Danica Roem
District 13

Delegate Danica Roem was elected in 2017 as the first transgender person ever to openly serve in a state legislator, representing her longtime home, Prince William County. As a candidate, Roem took the Activate Pledge to refuse money from Dominion Energy and Appalachian Power and maintains a principled stance against accepting campaign contributions from regulated utility monopolies.

In her first session in the General Assembly, Delegate Roem introduced a significant amount of legislation to push for clean governance and clean energy policies. She was the chief sponsor of two bills that sought to increase the State Corporation Commission’s ability to regulate energy prices and protect consumers, bills that were also introduced in the Senate by fellow Clean Virginia Champion Senator Chap Petersen. She was the co-patron of legislation to prohibit the personal use of campaign funds. Delegate Roem worked with Clean Virginia Champion Sam Rasoul on legislation that would allow the SCC to refund overcharges after the 2015 “rate freeze.” She co-patroned Petersen’s bill that would have required Dominion to refund overcharges to consumers and strengthen the SCC’s regulatory powers and voted against SB 966, the “Grid Modernization Bill,” which did the opposite. She also worked with Petersen to sponsor legislation in both chambers of the Assembly to promote clean governance, one that prohibited campaign contributions from any public service corporation to candidates and one that sought to extend the “revolving door” prohibition applicable to state officers and employees and members of the General Assembly.

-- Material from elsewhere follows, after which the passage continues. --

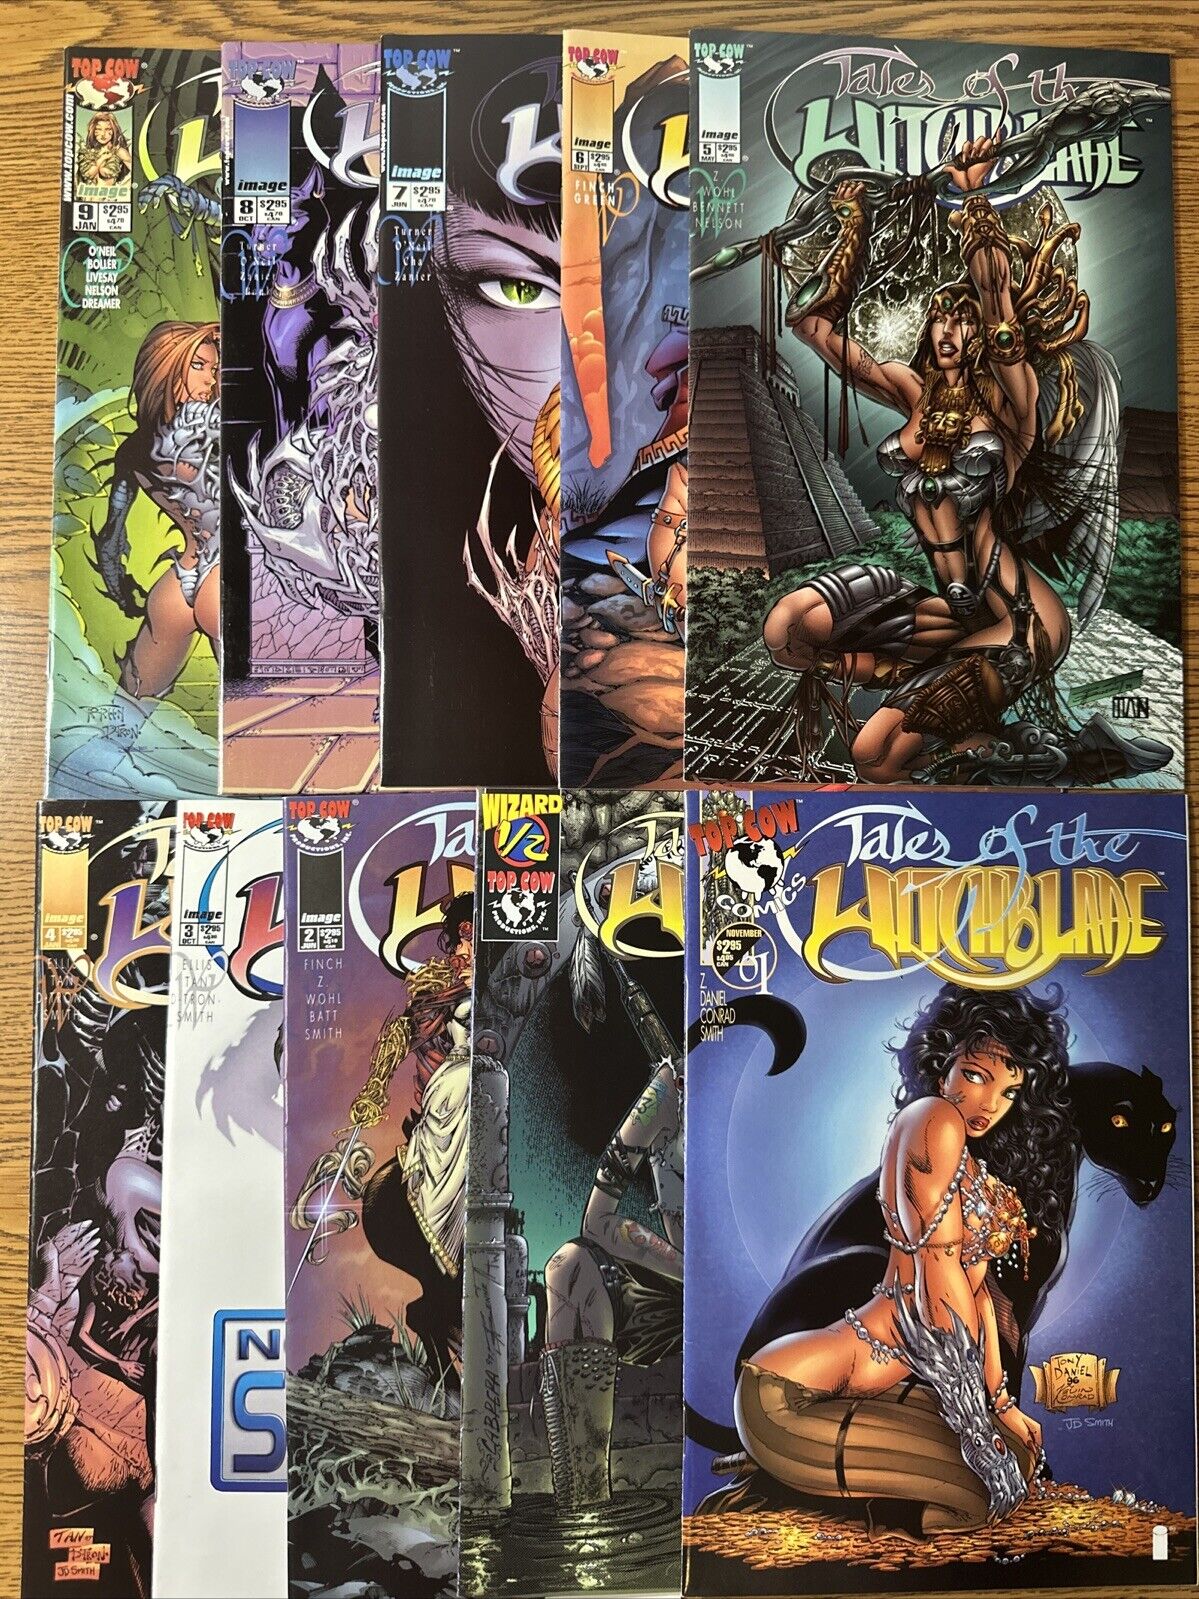 Tales of Witchblade #1/2 1 2 3 4 5 6 7 8 9 Lot Run Set Top Cow Image 1st VF/NM
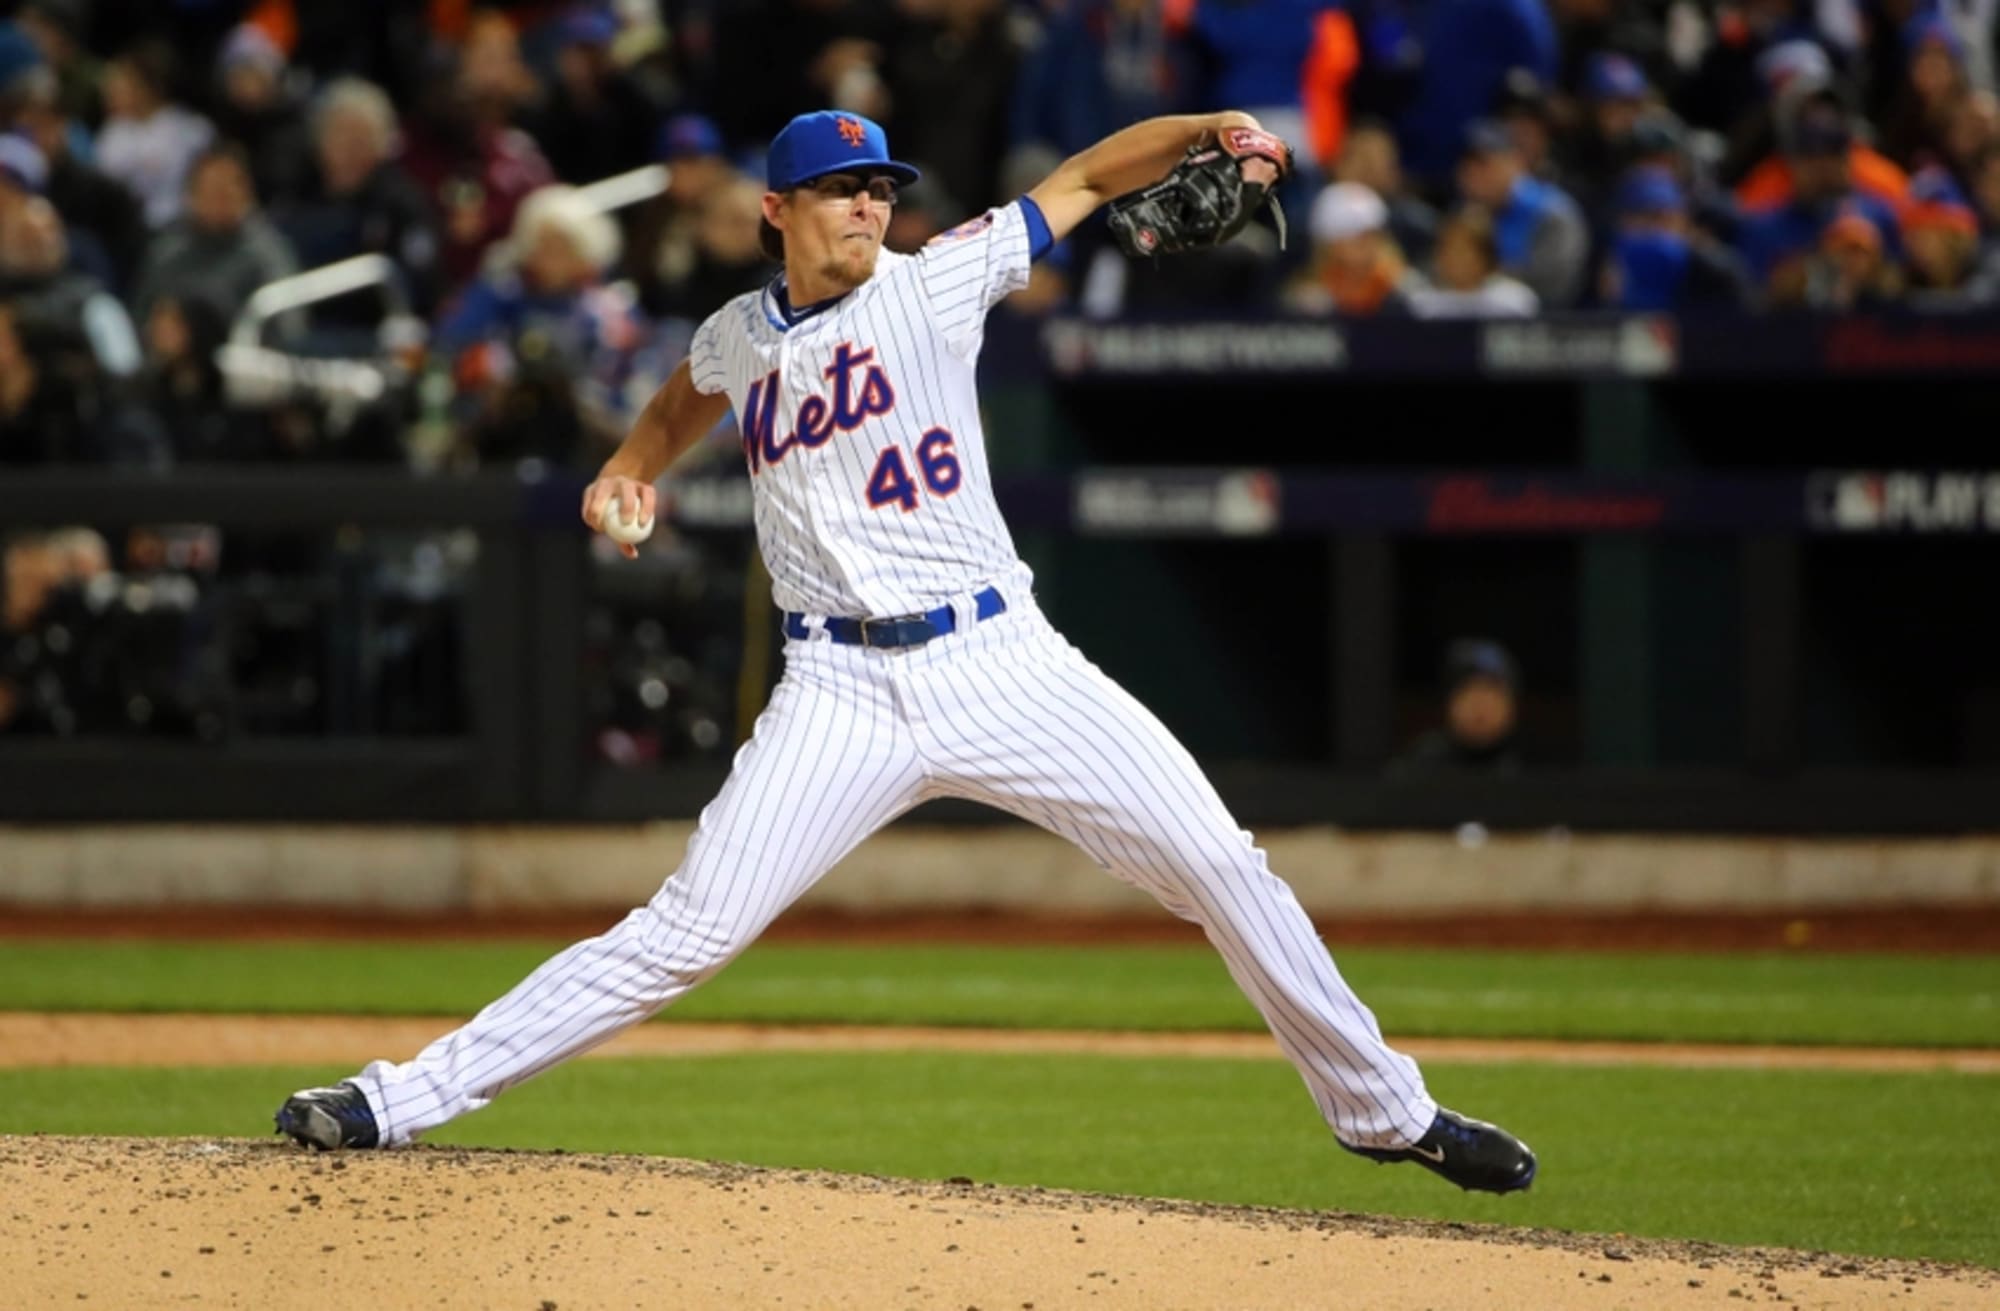 Mets acquire lefty relievers, Torres and Blevins

Delegate Roem has worked closely with other representatives of Prince William County, chiefly Clean Virginia Champions Delegate Lee Carter and Delegate Jennifer Carroll Foy to protect their constituents from toxins from the coal ash pond in Dumfries, co-patroning legislation requiring the closure by July 1, 2022 of any coal combustion residuals surface impoundment located in the Chesapeake Bay watershed and legislation prohibiting the disposal of coal combustion residuals except by recycling or beneficial reuse, respectively.